Researchers Observe Monkeys Making Stone Flakes, Materials Previously Only Attributed to Hominins

A team of researchers has discovered that capuchin monkeys sometimes make stone flakes when breaking open rocks. The primates don’t use the flakes as tools, as early humans did, but are instead trying to gain access to lichen and minerals hidden in the rocks. The findings may change the way archaeologists classify old stone flakes, which were previously believed to be crafted by early hominins exclusively. The details are in a paper that was just published in the journal Nature.

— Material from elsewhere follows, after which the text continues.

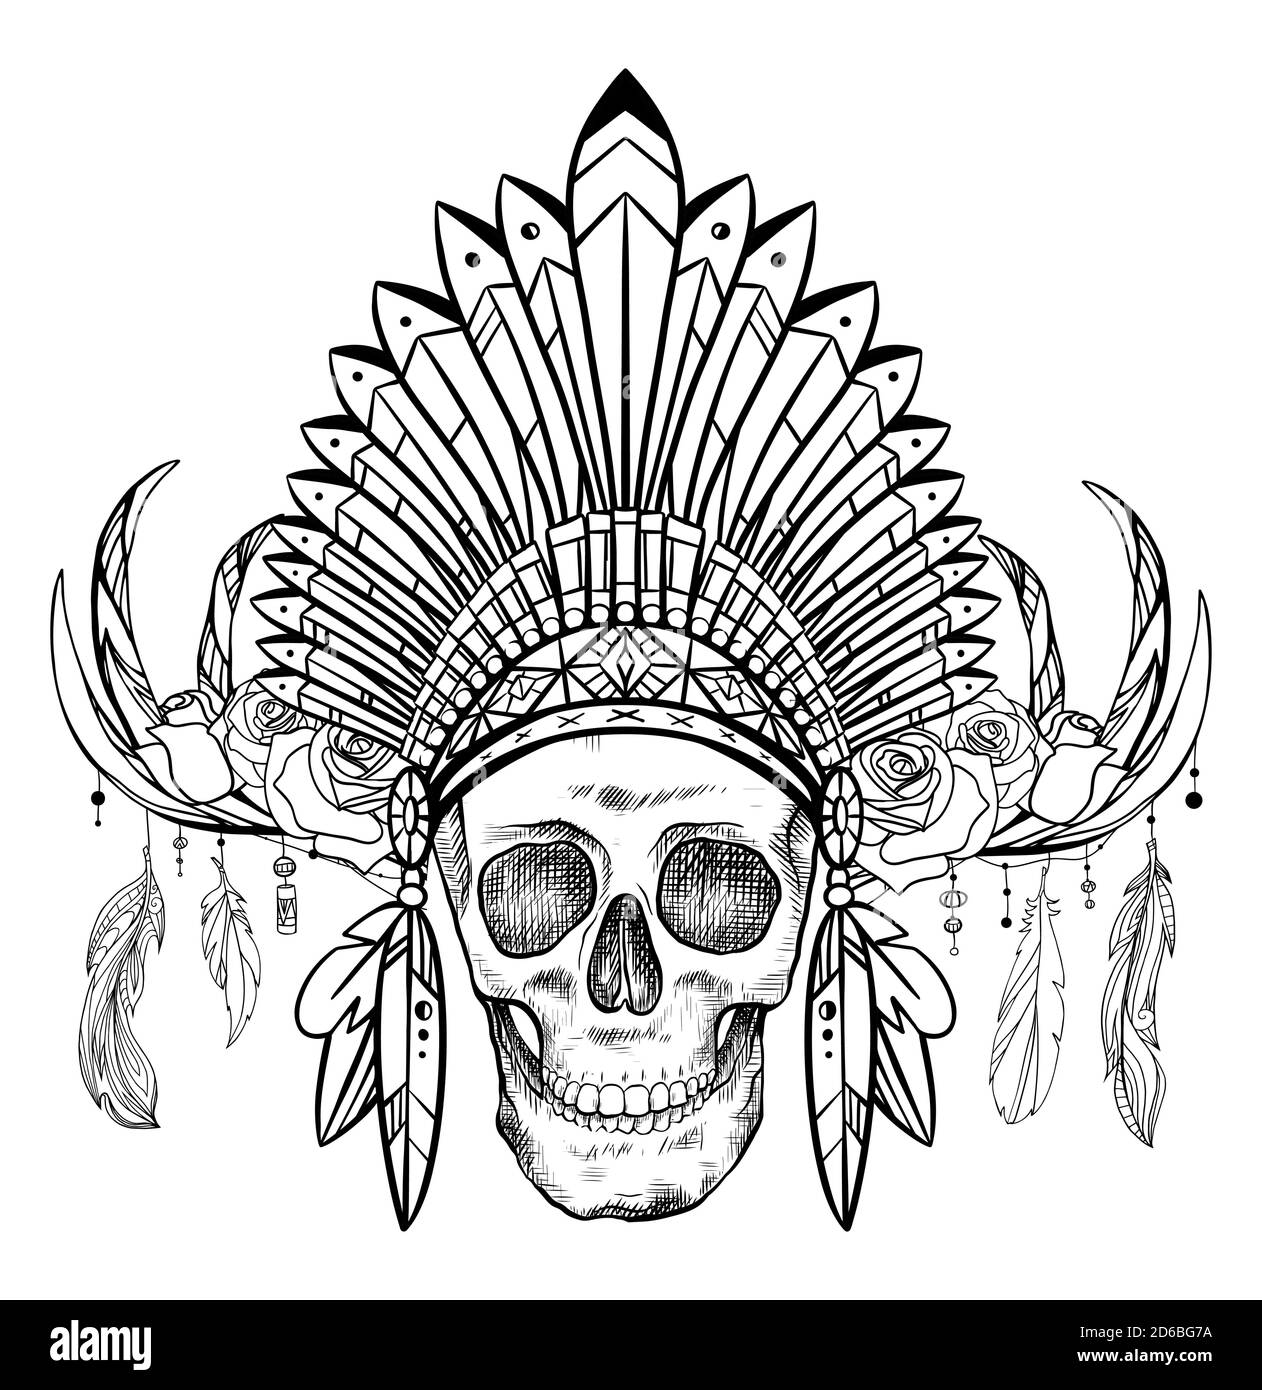 Dessin noir et blanc d'un crâne humain dans un chapeau amérindien avec des cornes de cerf et des roses. Vue avant. Images vectorielles tribales pour tatouages, impression sur Illustration de Vecteur

Archaeologists have long considered the presence of sharp-edged stone flakes as indicative of early hominin activity. The flakes were considered to be early tools and it was understood that only hominins crafted them.

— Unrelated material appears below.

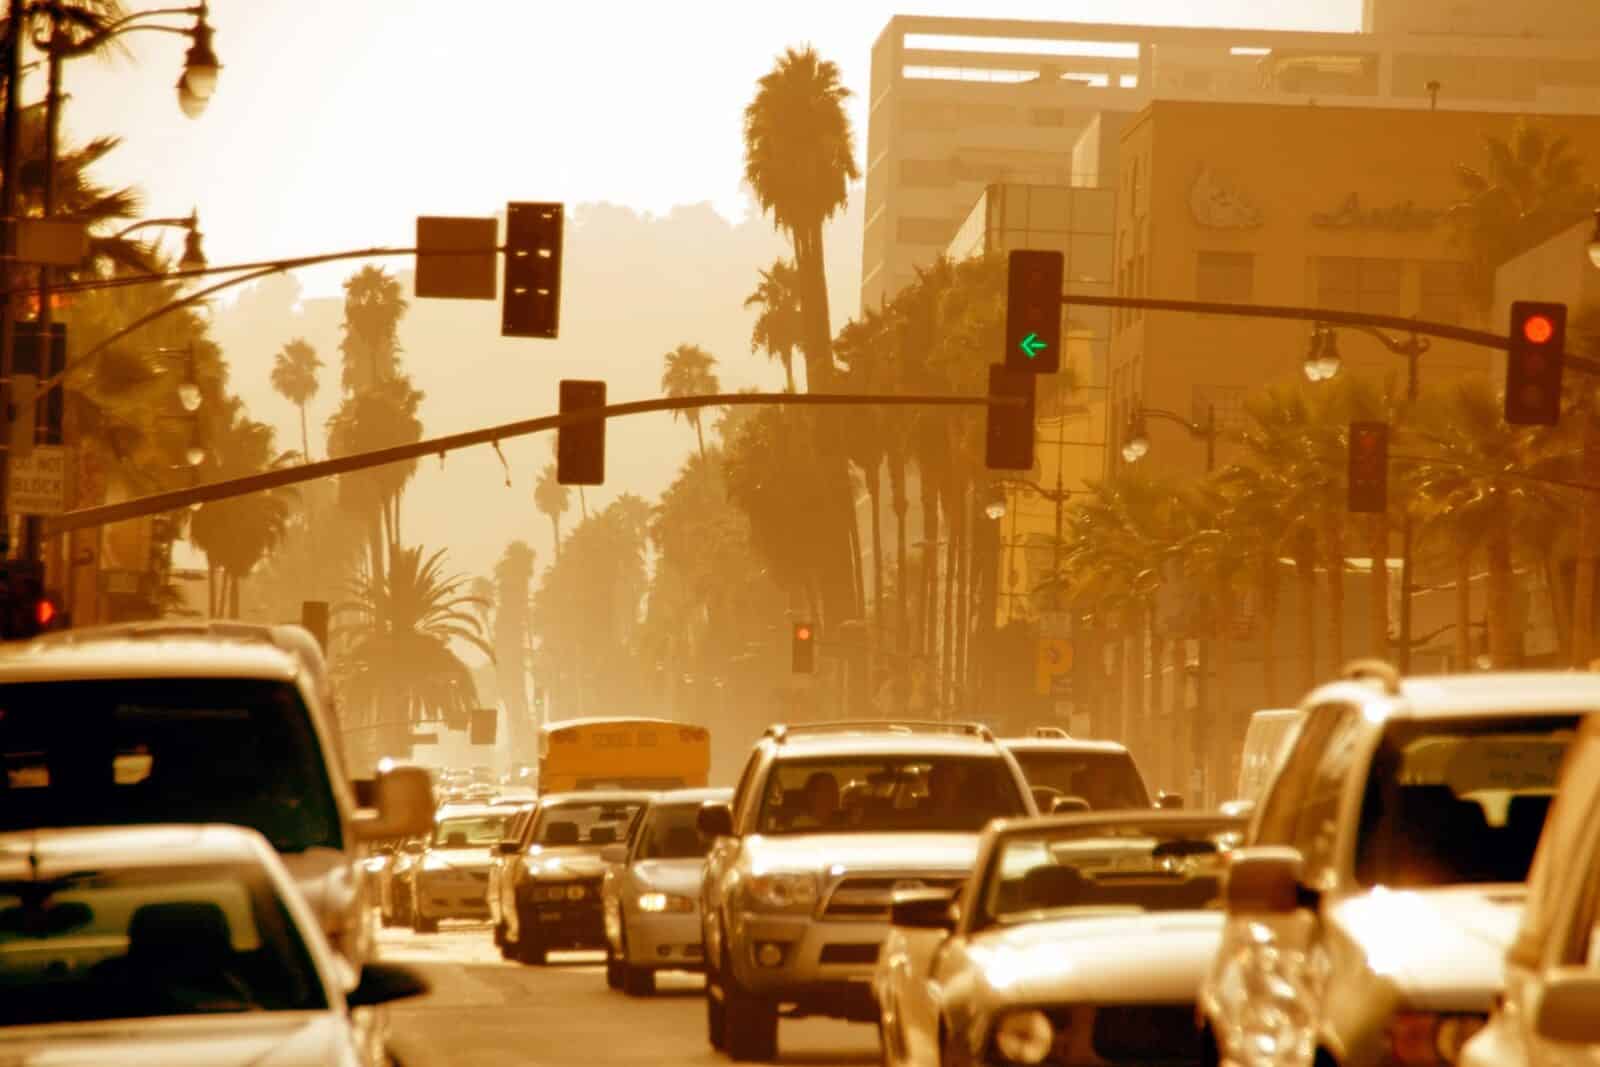 المدن الأمريكية غير الصحية للهواء الملوث

In a collaboration between the University of Oxford, the University College London and the University of São Paulo, a team of researchers discovered that monkeys were inadvertently making the same stone flakes. Wild bearded capuchin monkeys (Sapajus libidinosus) in Brazil were seen cracking open rocks to get to minerals and nutritious lichen. In the process, they were creating stone flakes. The monkeys did not use them as tools, they were simply byproducts. They used quartzite rocks as hammers and the rocks began to chip with use.

The team’s observations may change how archaeological materials are classified since capuchins were seen making the same stone flakes attributed to early Homo species. The findings also provide new insights into the cognitive requirements of creating the “tools”. If monkeys are able to make the stone flakes through natural behaviors, it may not be as complex of a task as previously believed. This also changes our understanding of the evolution of tool use. Early tool-making may have arisen in humans through unintentional behaviors similar to the capuchins’ flake crafting. The authors note that most early archaeological records are probably accurate but that the presence of stone flakes is no longer a definite sign of hominin tool-making.

REFERENCE

Proffitt et al. Wild monkeys flake stone tools. Nature (2016).